Last night as I was about to head to sleep, Sensu started emailing me about disk space warnings on one of the backend servers. That’s strange, I thought. I had set up logrotate with appropriate limits to ensure the log file size is reasonable and rotation happens on a daily basis.
Curious, I ssh’d into the server to investigate. Running a df -h indicated as expected the disk space in use was over 70% (which is the trigger for sensu to send a notification) and the log files had grown way over expected size. So why didn’t logrotate rotate the files? I ran logrotate again to see what’s happening
$ sudo /etc/cron.daily/logrotate
error: backend:7 bad size '536870912.0'
error: found error in "log/production.log", skipping
Huh, ok so now we know why logrotate didn’t run. But having a decimal in the config causes it to flag as bad size? I checked the documentation and it doesn’t mention so:
size size Log files are rotated when they grow bigger then size bytes. If size is followed by M, the size if assumed to be in megabytes. If the k is used, the size is in kilobytes. So size 100, size 100k, and size 100M are all valid.

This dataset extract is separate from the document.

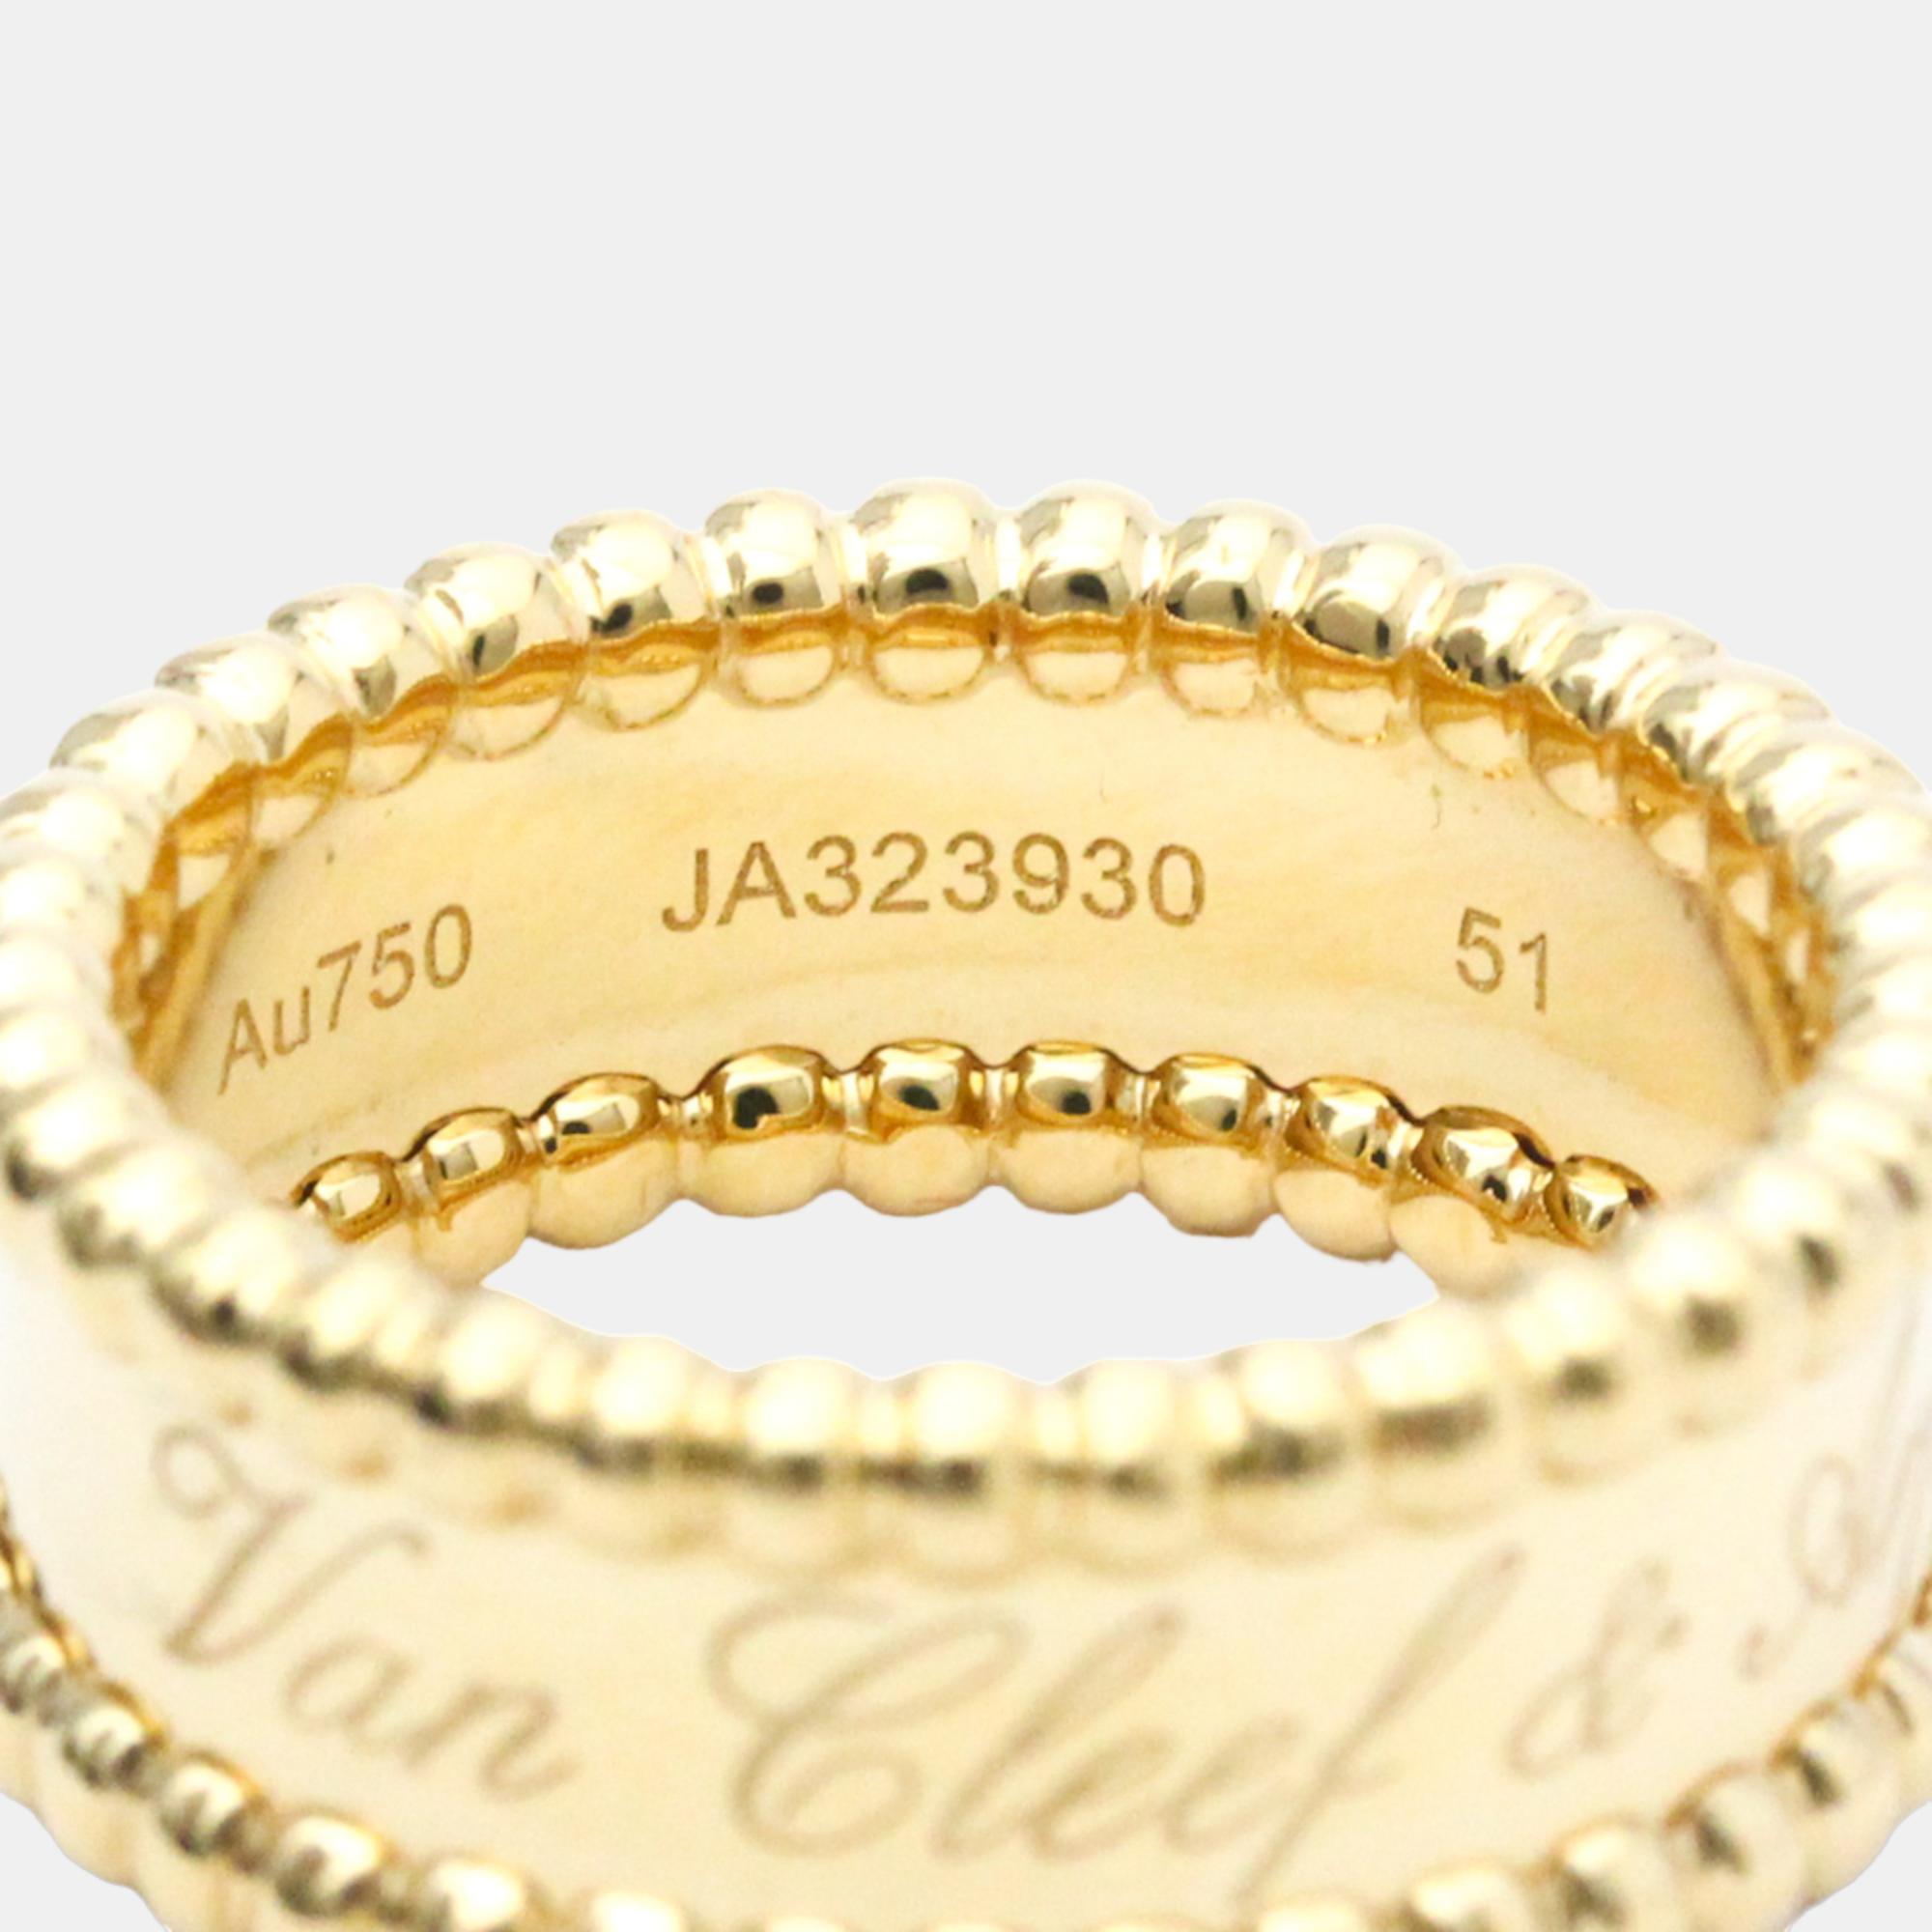 Van Cleef & Arpels Perlée 18K Yellow Gold Ring EU 51

Removing the decimal allowed logrotate to work fine and rotated the files. So that’s a TIL for me. In case you’re wondering how that decimal came into the picture, Chef is used as the CM tool for deploying all changes. The size is defined in a recipe as so
size (0.5 * (1024 * 1024 * 1024))
maxsize (0.5 * (1024 * 1024 * 1024))
Now the first number is templated based on what service is being deployed and for the backend, it is configured as 0.5. Since Chef uses Ruby, this evaluates to ‘536870912.0’ and thus, the error.